Restate the listing below exactly, images excluded.

- Input data:
# # # # #
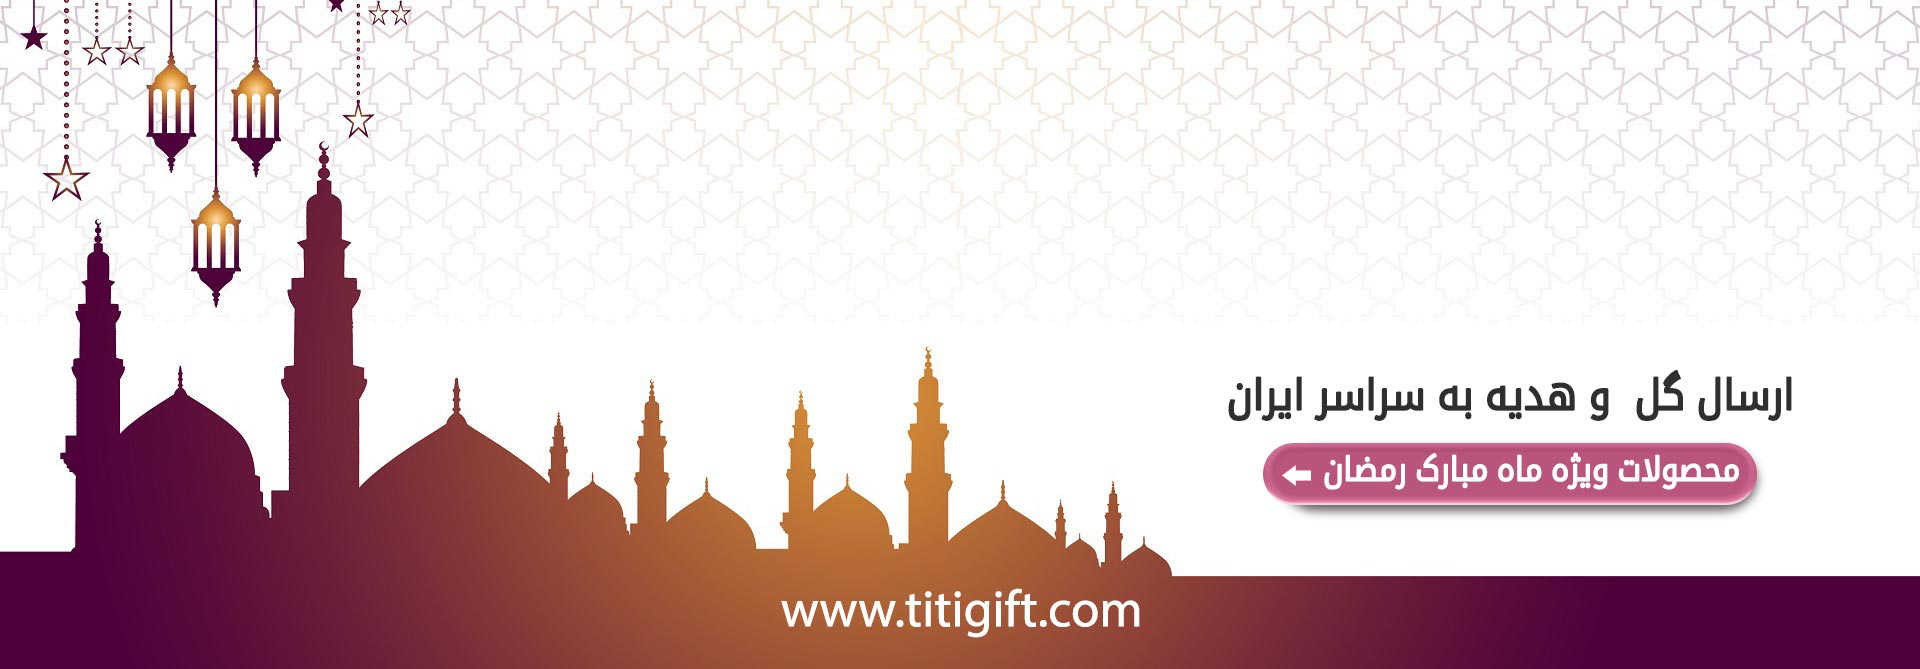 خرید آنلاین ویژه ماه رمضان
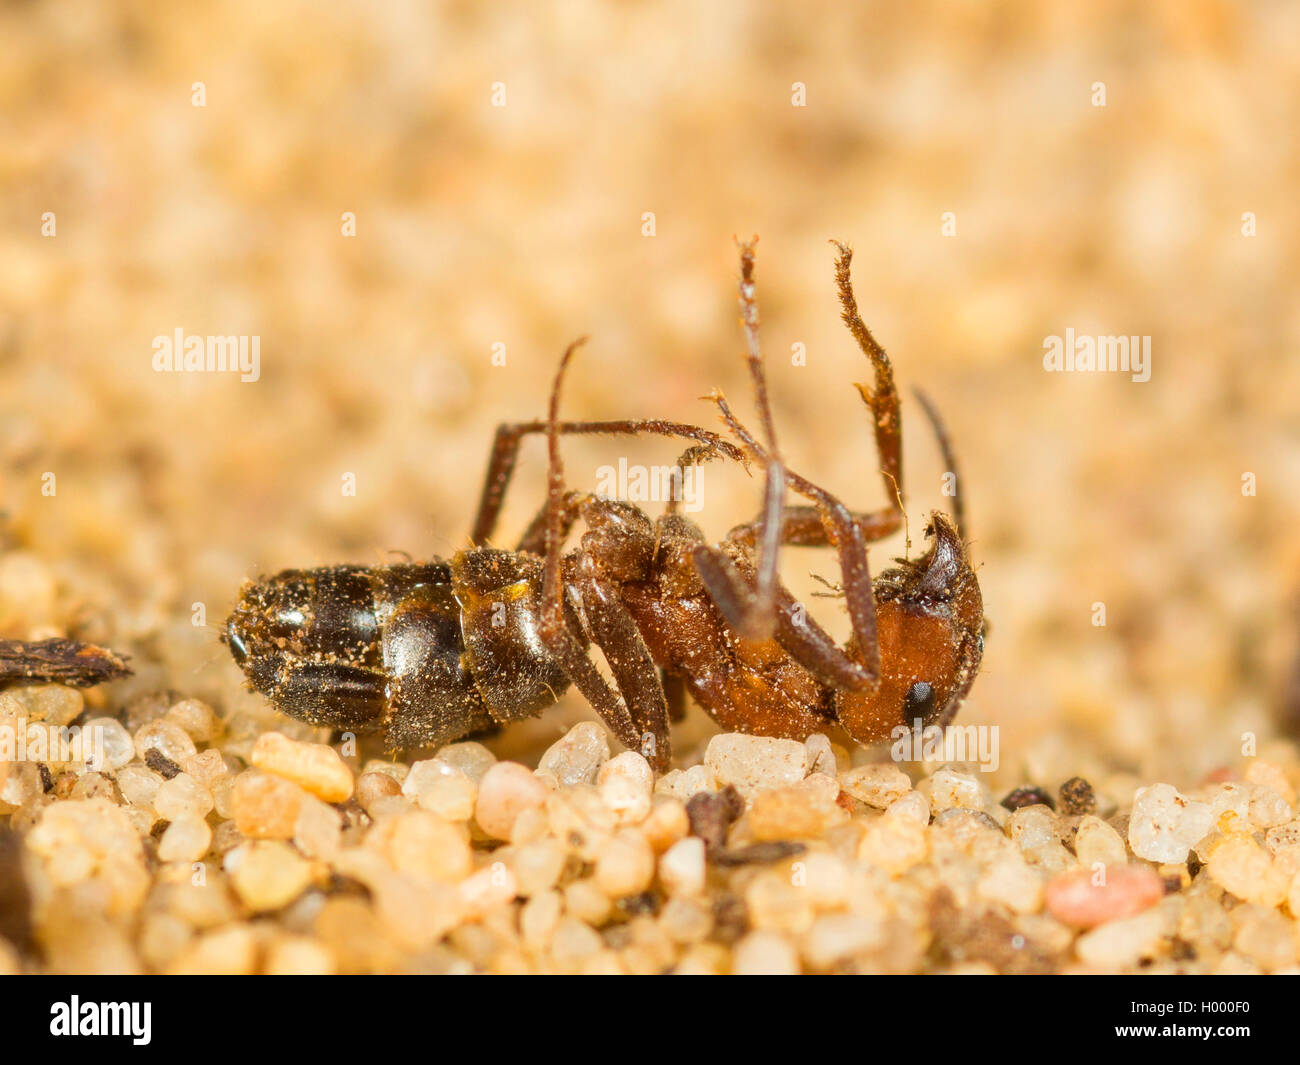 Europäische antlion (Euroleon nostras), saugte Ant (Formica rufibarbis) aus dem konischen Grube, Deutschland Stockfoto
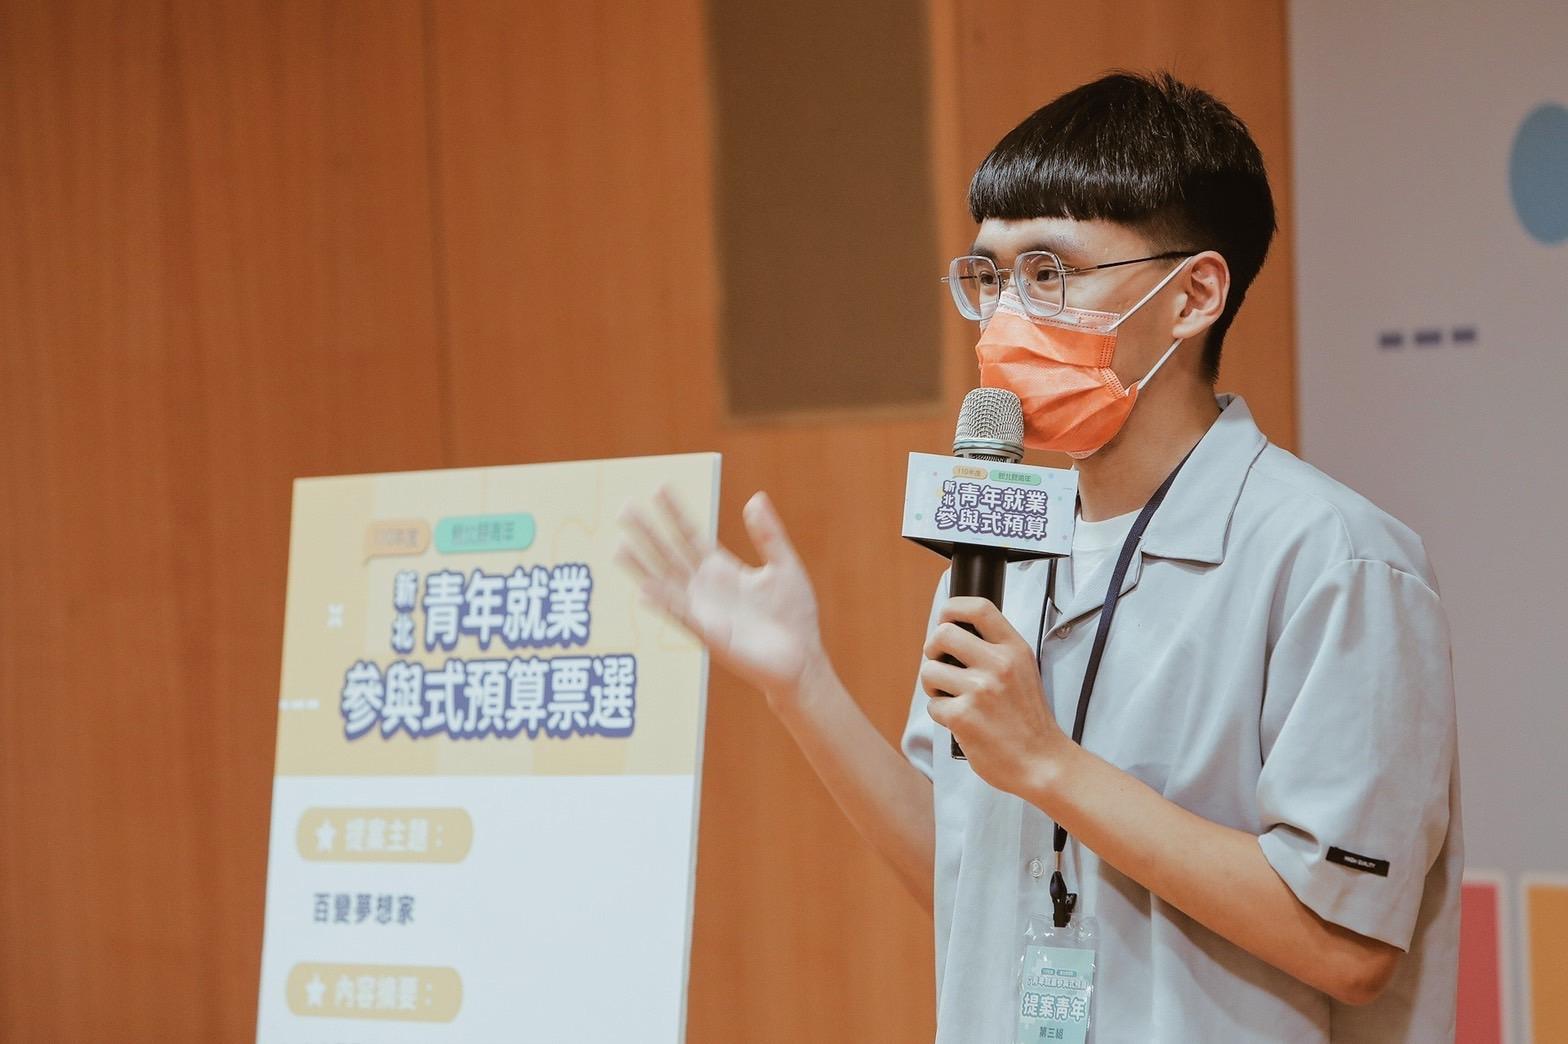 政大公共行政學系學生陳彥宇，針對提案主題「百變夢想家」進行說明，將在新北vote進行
# # # # #
- Answer section:
 خرید آنلاین ویژه ماه رمضان
 Europäische antlion (Euroleon nostras), saugte Ant (Formica rufibarbis) aus dem konischen Grube, Deutschland Stockfoto
 政大公共行政學系學生陳彥宇，針對提案主題「百變夢想家」進行說明，將在新北vote進行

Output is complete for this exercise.